Preferably, the cobalt salt is one or more of cobalt chloride, cobalt sulfate, cobalt nitrate and cobalt acetate.

Preferably, the molar mass ratio of the hydroxide to the cobalt salt is 1: (20-80).

Preferably, the further reaction temperature is 35-100 ℃ and the reaction time is 30-120 min.

Preferably, the lithium source is one or more of lithium carbonate, lithium hydroxide, lithium nitrate and lithium oxalate.

Preferably, the amount of the lithium source is calculated such that the molar ratio of Li to Co is (0.9-1.1): 1.

Preferably, the ethyl cellulose accounts for 0.5-5.0 wt% of the total amount of the precursor, the lithium source and the ethyl cellulose.

Preferably, the temperature is raised to 600-900 ℃ at the speed of 1-5 ℃/min for calcination, and the calcination time is 0.5-5 h.

Another aspect of the present invention provides a lithium ion battery, wherein the positive electrode material of the lithium ion battery comprises the metaphosphate coated lithium cobaltate material prepared as described above.

Preferably, the positive electrode material comprises a metaphosphate coated lithium cobaltate material, a conductive agent and a binder, and the mass ratio of the metaphosphate coated lithium cobaltate material to the conductive agent to the binder is 100: (0.1-5.0): (0.1-5.0).

Compared with the prior art, the invention has the beneficial effects that:

(1) the preparation method of co-precipitation of dihydric phosphate and cobalt salt is adopted, so that uniform coating of metaphosphate on lithium cobaltate particles is facilitated;

(2) according to the invention, ethyl cellulose ball mill is added into the precursor and the lithium source, and the ethyl cellulose is added to obtain a more uniform metaphosphate coated lithium cobaltate material;

(3) the metaphosphate coated lithium cobaltate material is obtained by an in-situ polymerization mode, and the adopted preparation method is simple and easy to operate, and can realize large-scale production;

(4) the metaphosphate coated lithium cobaltate material obtained by the method can be used as a positive electrode material of a lithium ion battery, so that the discharge capacity and the cycle stability of the lithium ion battery are greatly improved;

(5) the cost of raw materials for generating metaphosphate is lower than that of the raw materials for generating lithium cobaltate, so that the metaphosphate coated lithium cobaltate material obtained by the method has lower cost than a pure lithium cobaltate material, and the manufacturing cost of the raw materials of the lithium ion battery can be greatly reduced.

Drawings

FIG. 1 is a scanning electron micrograph of a lithium cobaltate material prepared according to comparative example 3 of the present invention;

fig. 2 is a scanning electron microscope image of the aluminum metaphosphate coated lithium cobaltate material prepared in example 1 of the present invention.

Detailed Description

Hereinafter, embodiments will be described in detail with respect to a method of preparing a metaphosphate coated lithium cobaltate material of the present invention and a lithium ion battery including the same, however, these embodiments are exemplary and the present disclosure is not limited thereto.
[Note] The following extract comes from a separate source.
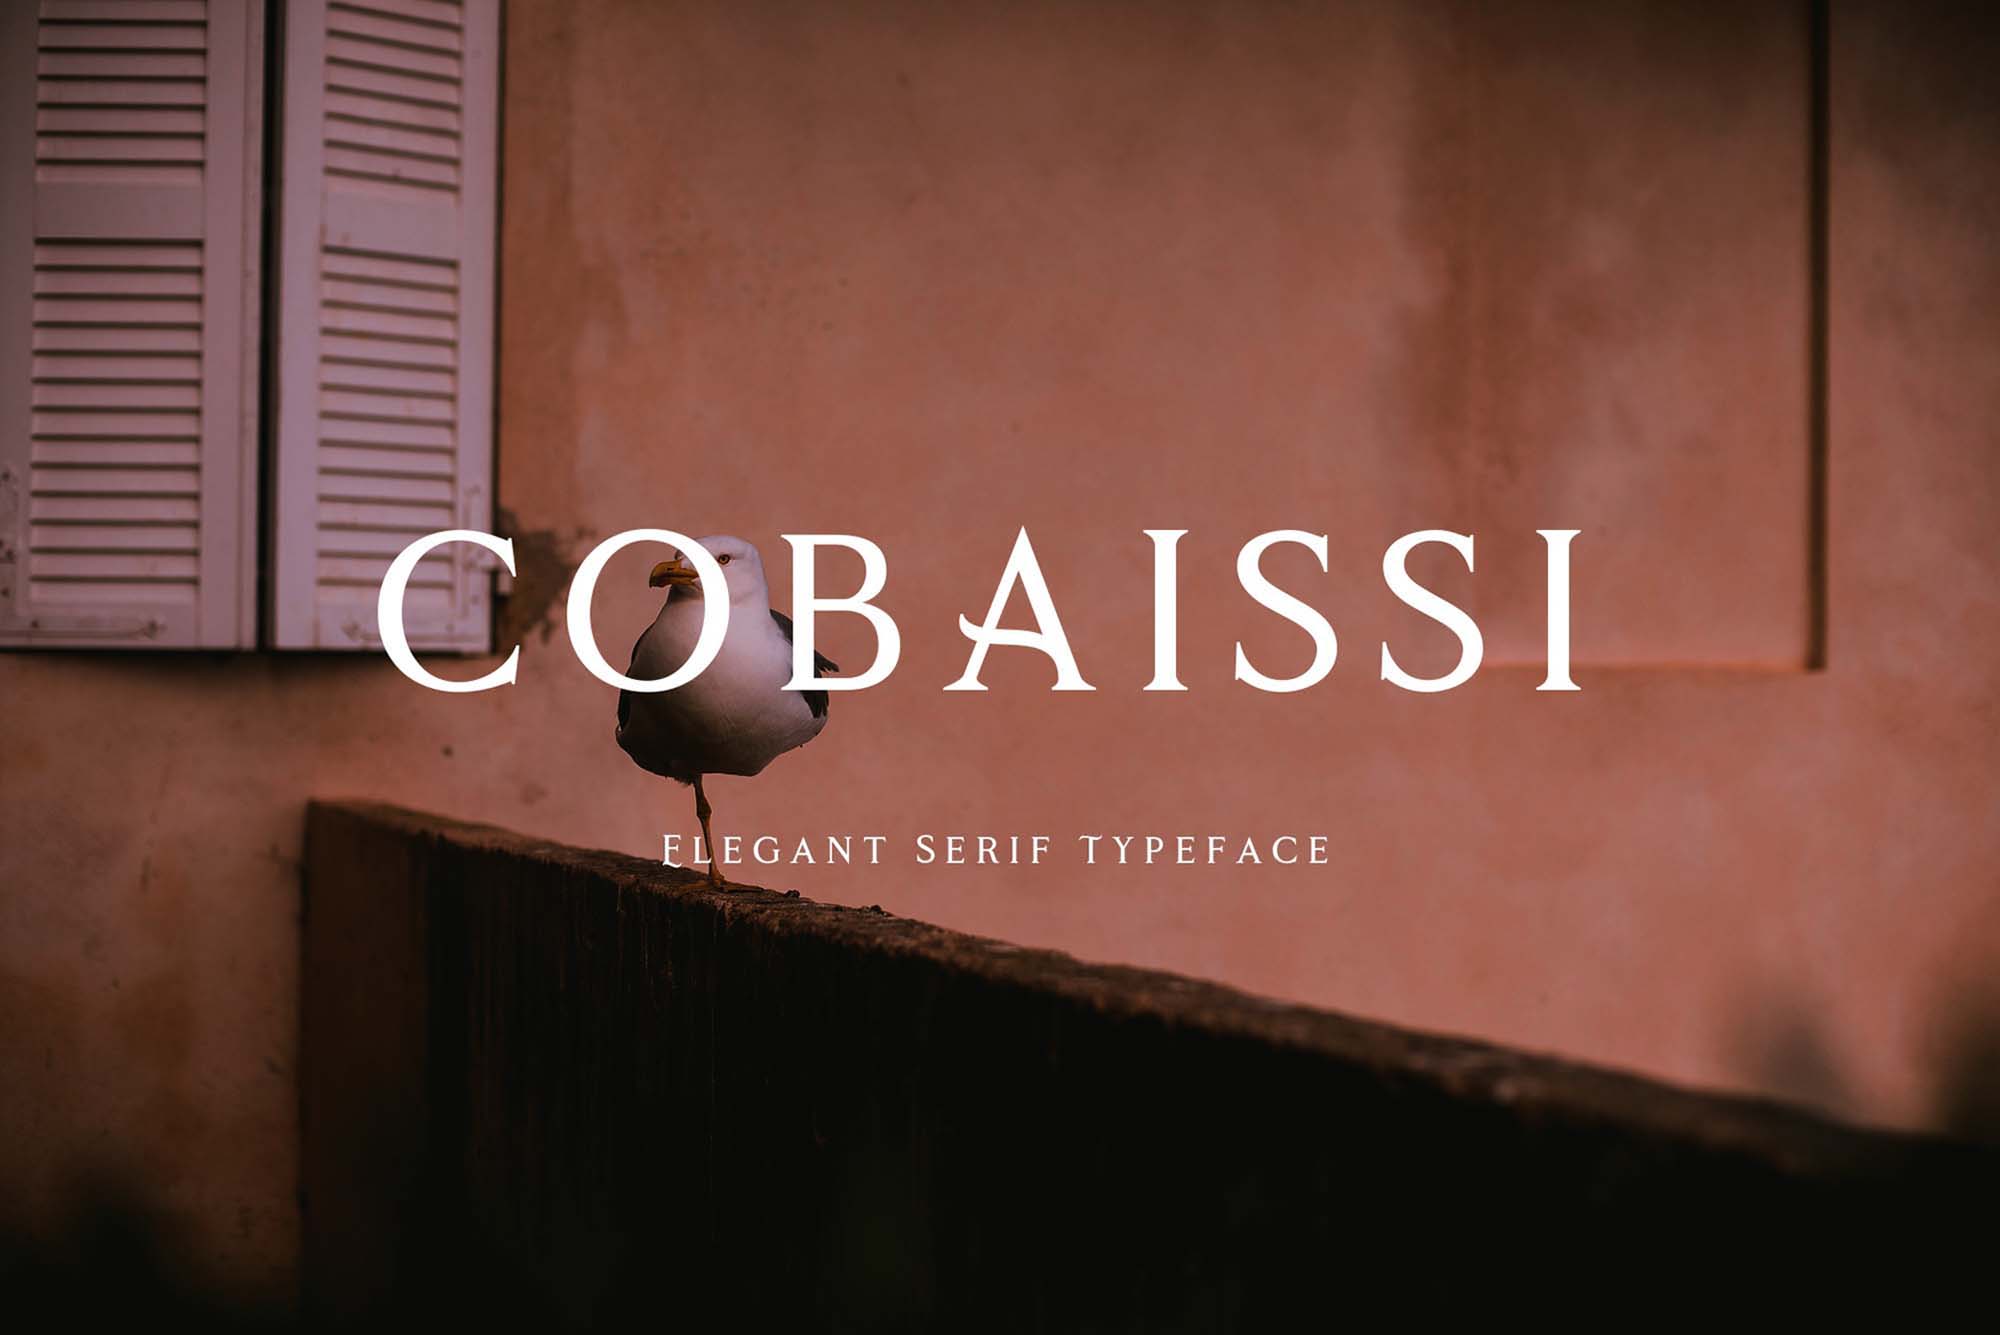 Cobaissi Serif Typeface

In some embodiments of the present invention, a method of preparing the metaphosphate coated lithium cobaltate material includes: dissolving hydroxide in a phosphoric acid solution, reacting to obtain a dihydrogen phosphate solution, adding cobalt salt, adjusting the pH to 9-13, further reacting, washing the obtained precipitate to be neutral, and drying to obtain a precursor;

dissolving the precursor, a lithium source and ethyl cellulose in an organic solvent for ball milling, and drying and calcining the obtained sol mixture to obtain the metaphosphate coated lithium cobaltate material.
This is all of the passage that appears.